-- Opening Marker --
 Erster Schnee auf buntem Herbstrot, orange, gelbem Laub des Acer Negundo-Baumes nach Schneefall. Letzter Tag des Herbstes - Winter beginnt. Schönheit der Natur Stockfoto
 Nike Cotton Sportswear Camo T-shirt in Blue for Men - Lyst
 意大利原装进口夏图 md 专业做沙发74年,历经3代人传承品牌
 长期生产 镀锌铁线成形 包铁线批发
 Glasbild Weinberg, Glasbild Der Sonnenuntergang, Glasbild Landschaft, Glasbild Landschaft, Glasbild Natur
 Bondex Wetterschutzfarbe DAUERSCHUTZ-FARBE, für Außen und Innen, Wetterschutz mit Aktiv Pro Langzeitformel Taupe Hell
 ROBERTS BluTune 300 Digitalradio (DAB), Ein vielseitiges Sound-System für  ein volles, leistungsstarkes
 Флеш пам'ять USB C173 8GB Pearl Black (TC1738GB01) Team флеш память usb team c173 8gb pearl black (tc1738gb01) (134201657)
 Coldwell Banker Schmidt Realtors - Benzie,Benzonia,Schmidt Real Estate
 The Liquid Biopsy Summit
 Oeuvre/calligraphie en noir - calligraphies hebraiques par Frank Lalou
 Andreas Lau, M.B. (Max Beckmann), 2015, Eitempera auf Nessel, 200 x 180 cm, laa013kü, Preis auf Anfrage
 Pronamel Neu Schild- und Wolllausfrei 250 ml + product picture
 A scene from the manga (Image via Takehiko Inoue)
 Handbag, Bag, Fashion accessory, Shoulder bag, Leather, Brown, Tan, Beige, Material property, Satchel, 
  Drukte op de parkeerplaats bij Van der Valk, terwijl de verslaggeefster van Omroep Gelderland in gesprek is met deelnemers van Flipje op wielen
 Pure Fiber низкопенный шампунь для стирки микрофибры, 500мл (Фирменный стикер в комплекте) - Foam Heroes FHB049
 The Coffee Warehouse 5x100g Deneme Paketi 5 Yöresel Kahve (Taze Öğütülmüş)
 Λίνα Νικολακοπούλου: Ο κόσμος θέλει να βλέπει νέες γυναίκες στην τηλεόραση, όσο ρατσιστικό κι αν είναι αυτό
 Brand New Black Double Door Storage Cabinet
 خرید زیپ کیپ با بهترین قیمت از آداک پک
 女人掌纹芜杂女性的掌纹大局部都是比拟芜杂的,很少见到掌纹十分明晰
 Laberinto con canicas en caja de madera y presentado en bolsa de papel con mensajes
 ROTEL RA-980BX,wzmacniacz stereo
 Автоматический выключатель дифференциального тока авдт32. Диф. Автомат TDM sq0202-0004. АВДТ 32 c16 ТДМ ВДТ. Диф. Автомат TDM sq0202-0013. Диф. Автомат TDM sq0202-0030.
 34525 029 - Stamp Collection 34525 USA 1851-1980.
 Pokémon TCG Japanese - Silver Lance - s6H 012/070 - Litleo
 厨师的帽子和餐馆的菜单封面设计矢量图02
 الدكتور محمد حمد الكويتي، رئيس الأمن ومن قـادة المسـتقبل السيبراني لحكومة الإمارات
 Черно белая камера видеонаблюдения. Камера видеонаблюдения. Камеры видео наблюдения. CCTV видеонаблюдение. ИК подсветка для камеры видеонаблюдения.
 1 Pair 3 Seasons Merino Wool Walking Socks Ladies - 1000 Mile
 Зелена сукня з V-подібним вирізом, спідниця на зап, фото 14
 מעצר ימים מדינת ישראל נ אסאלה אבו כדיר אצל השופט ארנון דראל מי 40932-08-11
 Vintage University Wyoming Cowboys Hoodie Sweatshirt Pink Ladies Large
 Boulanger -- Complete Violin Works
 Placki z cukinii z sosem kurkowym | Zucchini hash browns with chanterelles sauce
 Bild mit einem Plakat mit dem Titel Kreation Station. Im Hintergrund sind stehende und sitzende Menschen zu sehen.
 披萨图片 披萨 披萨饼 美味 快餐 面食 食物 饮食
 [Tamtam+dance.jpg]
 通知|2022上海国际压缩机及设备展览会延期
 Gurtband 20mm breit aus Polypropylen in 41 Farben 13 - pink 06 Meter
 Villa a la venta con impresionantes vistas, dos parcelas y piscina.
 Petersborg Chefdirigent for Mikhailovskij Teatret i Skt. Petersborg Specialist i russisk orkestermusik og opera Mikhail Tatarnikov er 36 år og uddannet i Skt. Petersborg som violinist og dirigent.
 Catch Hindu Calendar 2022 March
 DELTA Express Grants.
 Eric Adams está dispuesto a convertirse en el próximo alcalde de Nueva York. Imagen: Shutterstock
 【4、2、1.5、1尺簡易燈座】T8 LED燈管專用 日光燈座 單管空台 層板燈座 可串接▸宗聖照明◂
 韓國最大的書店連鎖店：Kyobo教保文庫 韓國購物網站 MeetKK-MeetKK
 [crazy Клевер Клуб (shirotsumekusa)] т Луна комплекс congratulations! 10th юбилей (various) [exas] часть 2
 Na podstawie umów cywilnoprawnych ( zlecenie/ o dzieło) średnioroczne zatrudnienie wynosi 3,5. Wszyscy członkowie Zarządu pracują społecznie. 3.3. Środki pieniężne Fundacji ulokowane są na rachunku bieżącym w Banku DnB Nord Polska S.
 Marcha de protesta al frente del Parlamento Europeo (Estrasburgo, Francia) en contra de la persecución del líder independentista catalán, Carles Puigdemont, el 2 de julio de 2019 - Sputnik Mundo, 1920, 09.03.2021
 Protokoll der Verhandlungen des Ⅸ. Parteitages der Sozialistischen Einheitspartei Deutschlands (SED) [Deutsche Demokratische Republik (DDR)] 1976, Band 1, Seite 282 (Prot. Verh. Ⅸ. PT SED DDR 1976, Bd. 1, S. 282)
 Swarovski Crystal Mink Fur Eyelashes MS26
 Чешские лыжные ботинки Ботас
-- Closing Marker --
Your instructions: Retype all the records above without changing a word.

Answer:
 Erster Schnee auf buntem Herbstrot, orange, gelbem Laub des Acer Negundo-Baumes nach Schneefall. Letzter Tag des Herbstes - Winter beginnt. Schönheit der Natur Stockfoto
 Nike Cotton Sportswear Camo T-shirt in Blue for Men - Lyst
 意大利原装进口夏图 md 专业做沙发74年,历经3代人传承品牌
 长期生产 镀锌铁线成形 包铁线批发
 Glasbild Weinberg, Glasbild Der Sonnenuntergang, Glasbild Landschaft, Glasbild Landschaft, Glasbild Natur
 Bondex Wetterschutzfarbe DAUERSCHUTZ-FARBE, für Außen und Innen, Wetterschutz mit Aktiv Pro Langzeitformel Taupe Hell
 ROBERTS BluTune 300 Digitalradio (DAB), Ein vielseitiges Sound-System für  ein volles, leistungsstarkes
 Флеш пам'ять USB C173 8GB Pearl Black (TC1738GB01) Team флеш память usb team c173 8gb pearl black (tc1738gb01) (134201657)
 Coldwell Banker Schmidt Realtors - Benzie,Benzonia,Schmidt Real Estate
 The Liquid Biopsy Summit
 Oeuvre/calligraphie en noir - calligraphies hebraiques par Frank Lalou
 Andreas Lau, M.B. (Max Beckmann), 2015, Eitempera auf Nessel, 200 x 180 cm, laa013kü, Preis auf Anfrage
 Pronamel Neu Schild- und Wolllausfrei 250 ml + product picture
 A scene from the manga (Image via Takehiko Inoue)
 Handbag, Bag, Fashion accessory, Shoulder bag, Leather, Brown, Tan, Beige, Material property, Satchel, 
  Drukte op de parkeerplaats bij Van der Valk, terwijl de verslaggeefster van Omroep Gelderland in gesprek is met deelnemers van Flipje op wielen
 Pure Fiber низкопенный шампунь для стирки микрофибры, 500мл (Фирменный стикер в комплекте) - Foam Heroes FHB049
 The Coffee Warehouse 5x100g Deneme Paketi 5 Yöresel Kahve (Taze Öğütülmüş)
 Λίνα Νικολακοπούλου: Ο κόσμος θέλει να βλέπει νέες γυναίκες στην τηλεόραση, όσο ρατσιστικό κι αν είναι αυτό
 Brand New Black Double Door Storage Cabinet
 خرید زیپ کیپ با بهترین قیمت از آداک پک
 女人掌纹芜杂女性的掌纹大局部都是比拟芜杂的,很少见到掌纹十分明晰
 Laberinto con canicas en caja de madera y presentado en bolsa de papel con mensajes
 ROTEL RA-980BX,wzmacniacz stereo
 Автоматический выключатель дифференциального тока авдт32. Диф. Автомат TDM sq0202-0004. АВДТ 32 c16 ТДМ ВДТ. Диф. Автомат TDM sq0202-0013. Диф. Автомат TDM sq0202-0030.
 34525 029 - Stamp Collection 34525 USA 1851-1980.
 Pokémon TCG Japanese - Silver Lance - s6H 012/070 - Litleo
 厨师的帽子和餐馆的菜单封面设计矢量图02
 الدكتور محمد حمد الكويتي، رئيس الأمن ومن قـادة المسـتقبل السيبراني لحكومة الإمارات
 Черно белая камера видеонаблюдения. Камера видеонаблюдения. Камеры видео наблюдения. CCTV видеонаблюдение. ИК подсветка для камеры видеонаблюдения.
 1 Pair 3 Seasons Merino Wool Walking Socks Ladies - 1000 Mile
 Зелена сукня з V-подібним вирізом, спідниця на зап, фото 14
 מעצר ימים מדינת ישראל נ אסאלה אבו כדיר אצל השופט ארנון דראל מי 40932-08-11
 Vintage University Wyoming Cowboys Hoodie Sweatshirt Pink Ladies Large
 Boulanger -- Complete Violin Works
 Placki z cukinii z sosem kurkowym | Zucchini hash browns with chanterelles sauce
 Bild mit einem Plakat mit dem Titel Kreation Station. Im Hintergrund sind stehende und sitzende Menschen zu sehen.
 披萨图片 披萨 披萨饼 美味 快餐 面食 食物 饮食
 [Tamtam+dance.jpg]
 通知|2022上海国际压缩机及设备展览会延期
 Gurtband 20mm breit aus Polypropylen in 41 Farben 13 - pink 06 Meter
 Villa a la venta con impresionantes vistas, dos parcelas y piscina.
 Petersborg Chefdirigent for Mikhailovskij Teatret i Skt. Petersborg Specialist i russisk orkestermusik og opera Mikhail Tatarnikov er 36 år og uddannet i Skt. Petersborg som violinist og dirigent.
 Catch Hindu Calendar 2022 March
 DELTA Express Grants.
 Eric Adams está dispuesto a convertirse en el próximo alcalde de Nueva York. Imagen: Shutterstock
 【4、2、1.5、1尺簡易燈座】T8 LED燈管專用 日光燈座 單管空台 層板燈座 可串接▸宗聖照明◂
 韓國最大的書店連鎖店：Kyobo教保文庫 韓國購物網站 MeetKK-MeetKK
 [crazy Клевер Клуб (shirotsumekusa)] т Луна комплекс congratulations! 10th юбилей (various) [exas] часть 2
 Na podstawie umów cywilnoprawnych ( zlecenie/ o dzieło) średnioroczne zatrudnienie wynosi 3,5. Wszyscy członkowie Zarządu pracują społecznie. 3.3. Środki pieniężne Fundacji ulokowane są na rachunku bieżącym w Banku DnB Nord Polska S.
 Marcha de protesta al frente del Parlamento Europeo (Estrasburgo, Francia) en contra de la persecución del líder independentista catalán, Carles Puigdemont, el 2 de julio de 2019 - Sputnik Mundo, 1920, 09.03.2021
 Protokoll der Verhandlungen des Ⅸ. Parteitages der Sozialistischen Einheitspartei Deutschlands (SED) [Deutsche Demokratische Republik (DDR)] 1976, Band 1, Seite 282 (Prot. Verh. Ⅸ. PT SED DDR 1976, Bd. 1, S. 282)
 Swarovski Crystal Mink Fur Eyelashes MS26
 Чешские лыжные ботинки Ботас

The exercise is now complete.